The department was set up in 2007 after the firm saw there was a market in creating unique models to wear the Ferrari badge.
In 2007 James Glickenhaus created a P4/5 based on an Enzo, but it was made by Pininfarina and not Ferrari. This meant Glickenhaus’s P4/5 wasn’t able to wear a Ferrari badge or be entered in concours events as a Ferrari.
Special Projects was then set up by Ferrari to counter this demand and ensure it could cater for one-off individual requests. Any car has to keep the same basic architecture as the donor car so it doesn’t have to be re-homologated.
Special Projects’ latest model is the Ferrari P540 Superfast Aperta. It has been inspired by the gold Ferrari from the 1968 film Toby Dammit and was delivered to its new owner, Edward Walson, whose father invented cable television, over the weekend.
Walson approached Ferrari last year. Special Projects is able to decline requests, but it felts Walson’s was in keeping with the brand’s ideals. Walson worked with a Ferrari consultant in Maranello on the design, before Pininfarina sculpted the final model. The car was then built in Maranello, taking 14 months from Walson’s initial request to its final shakedown test as a road-legal Ferrari.
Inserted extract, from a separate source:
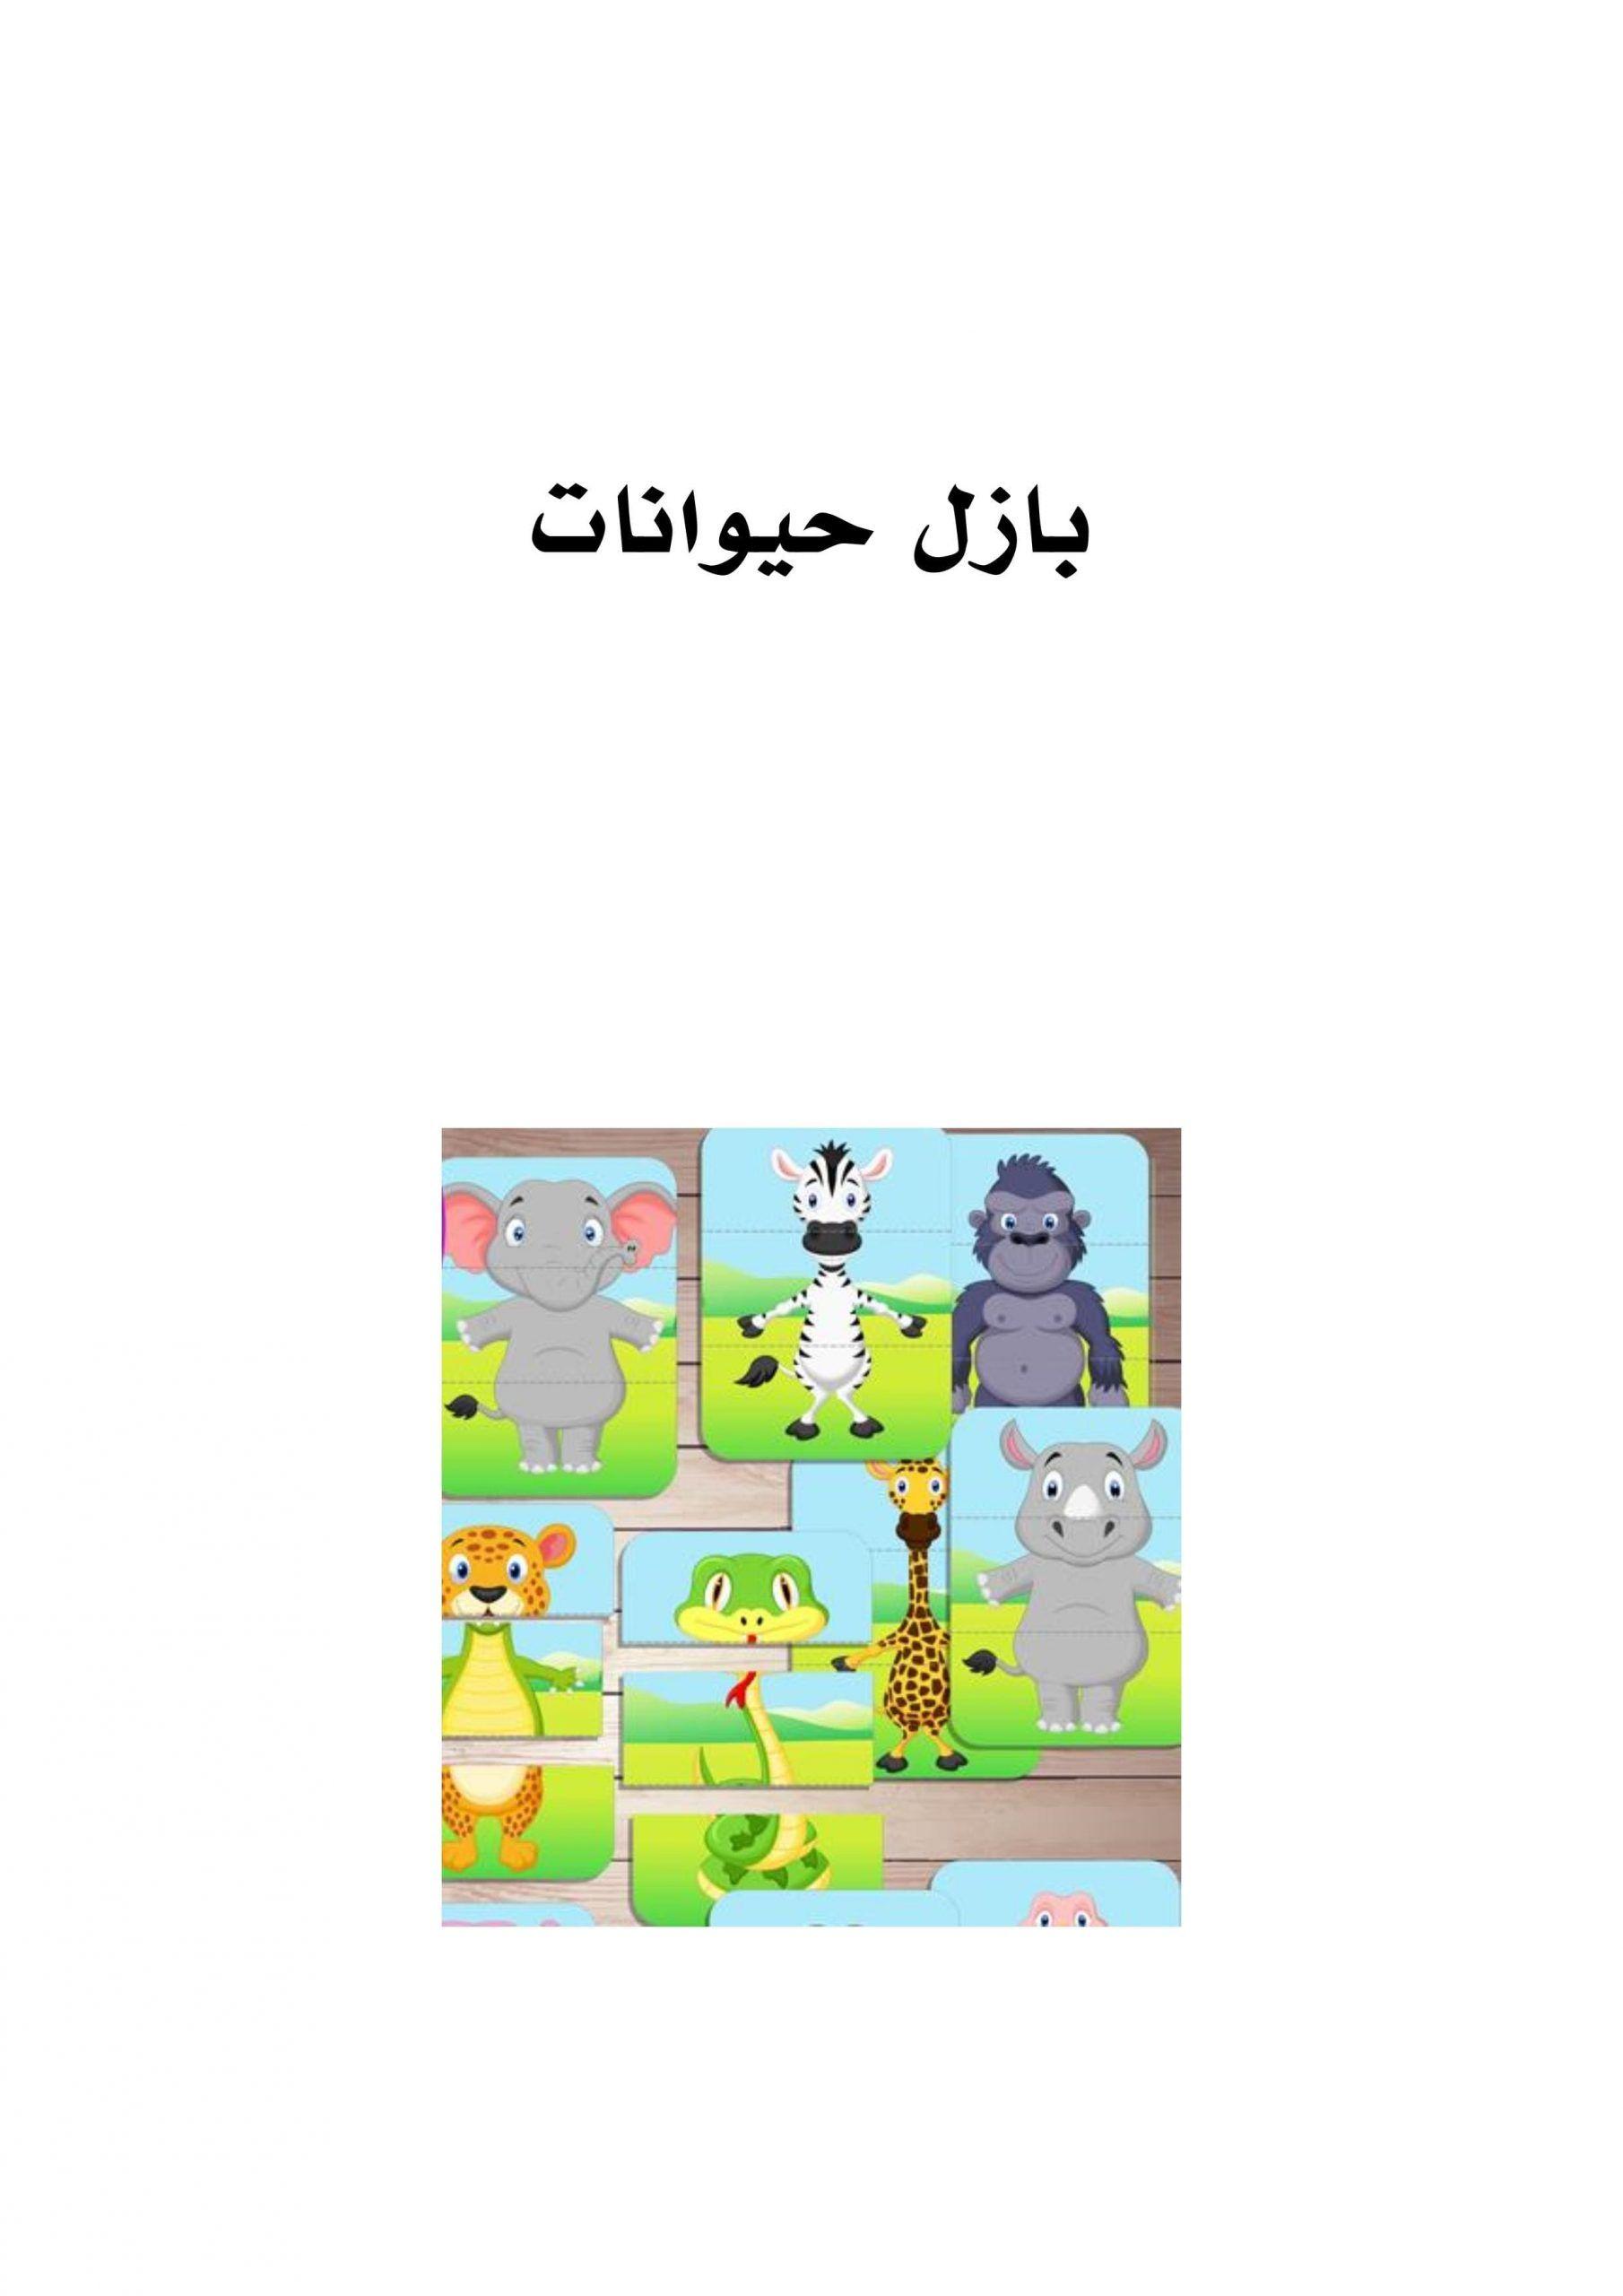 لعبة بازل الحيوانات لتعليم الاطفال عن طريق اللعب و المرح Art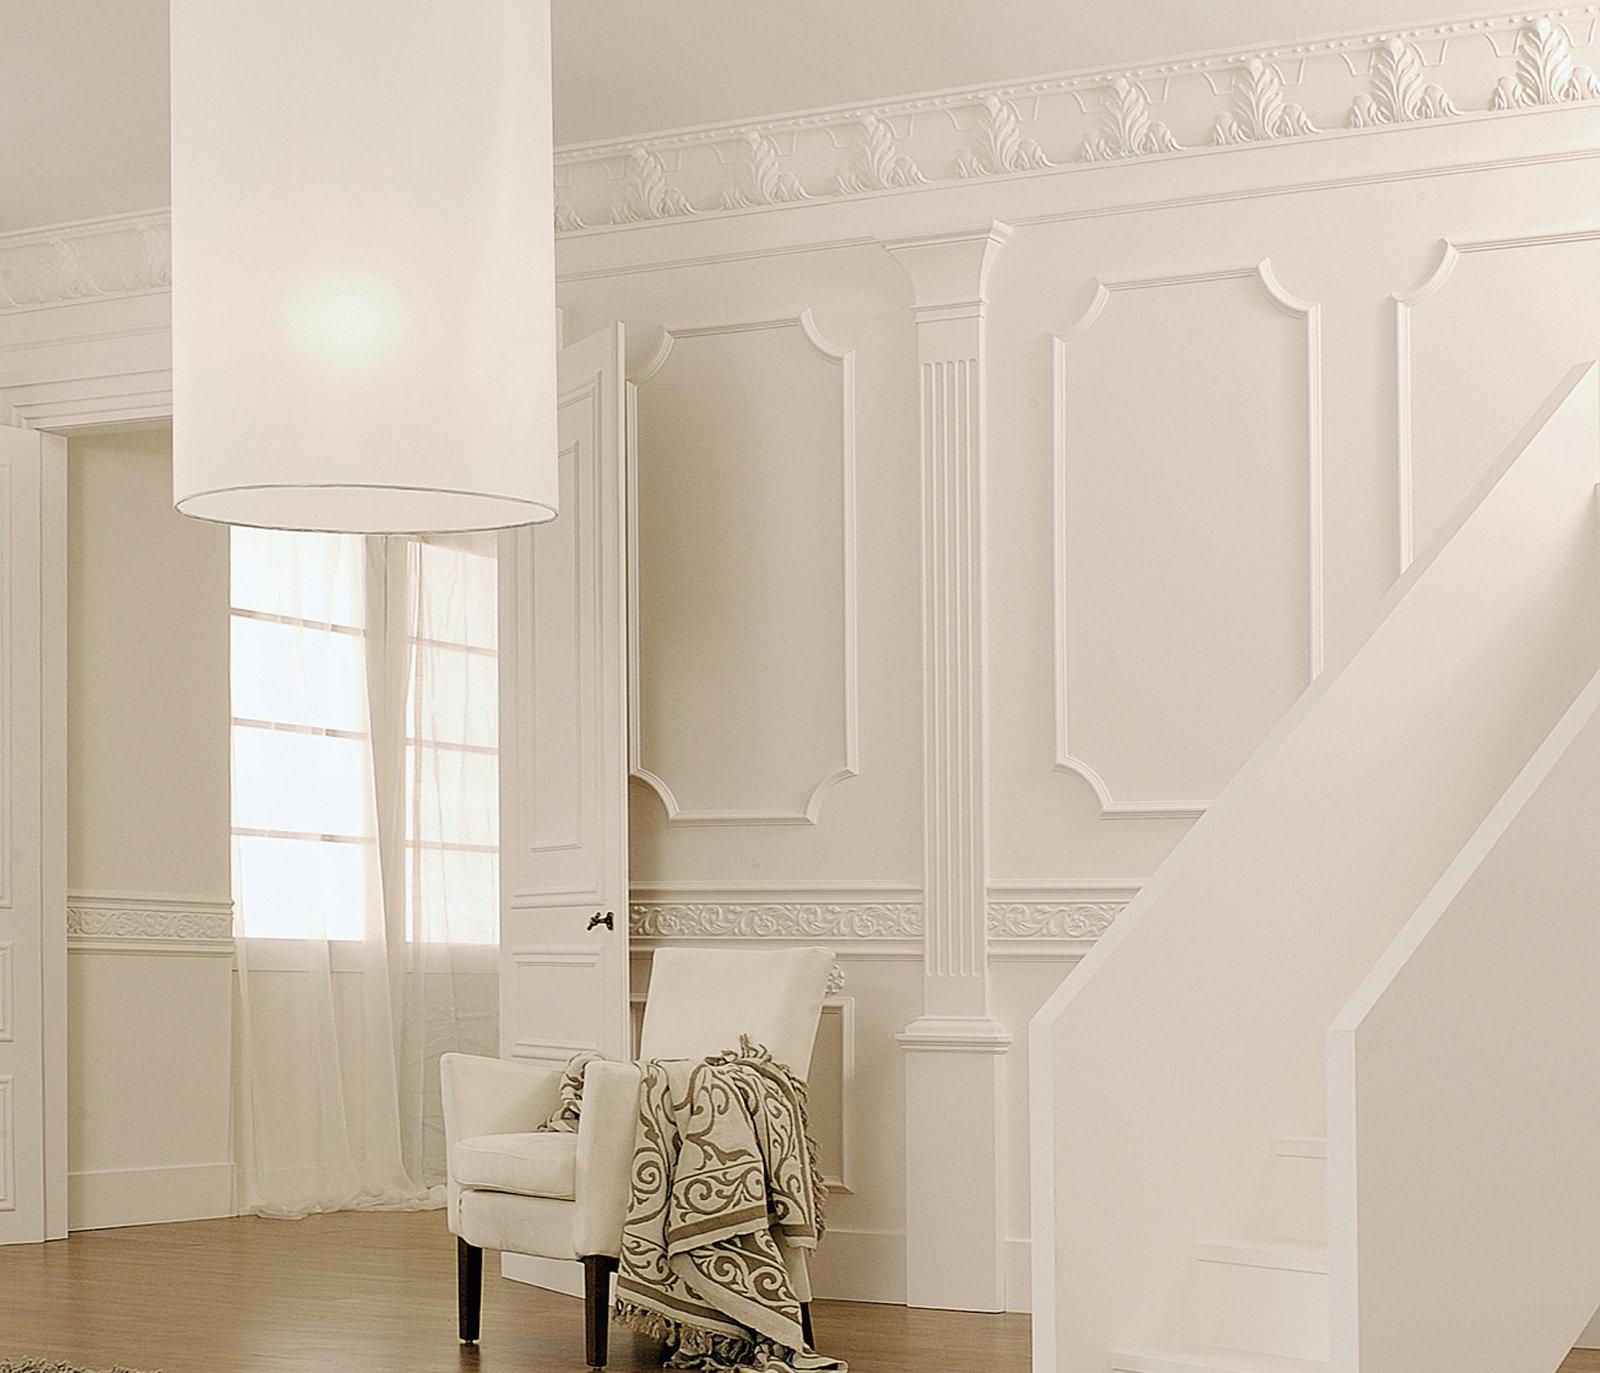 Decorare la parete con profili fregi stickers cose di casa for Cornice adesiva per pareti

The Superfast Aperta is based on a Ferrari 599 GTB Fiorano, and it had to undergo extensive carbonfibre chassis strengthening in order to accommodate its targa roof. Weight has increased by 20kg over the standard car.
As well as owning the car, Walson also receives the tooling as part of buying his car through Special Projects. This is to ensure each model made by the department remains unique. Ferrari has the first option to buy back Special Projects cars and tooling to stop them from falling into the hands of speculators.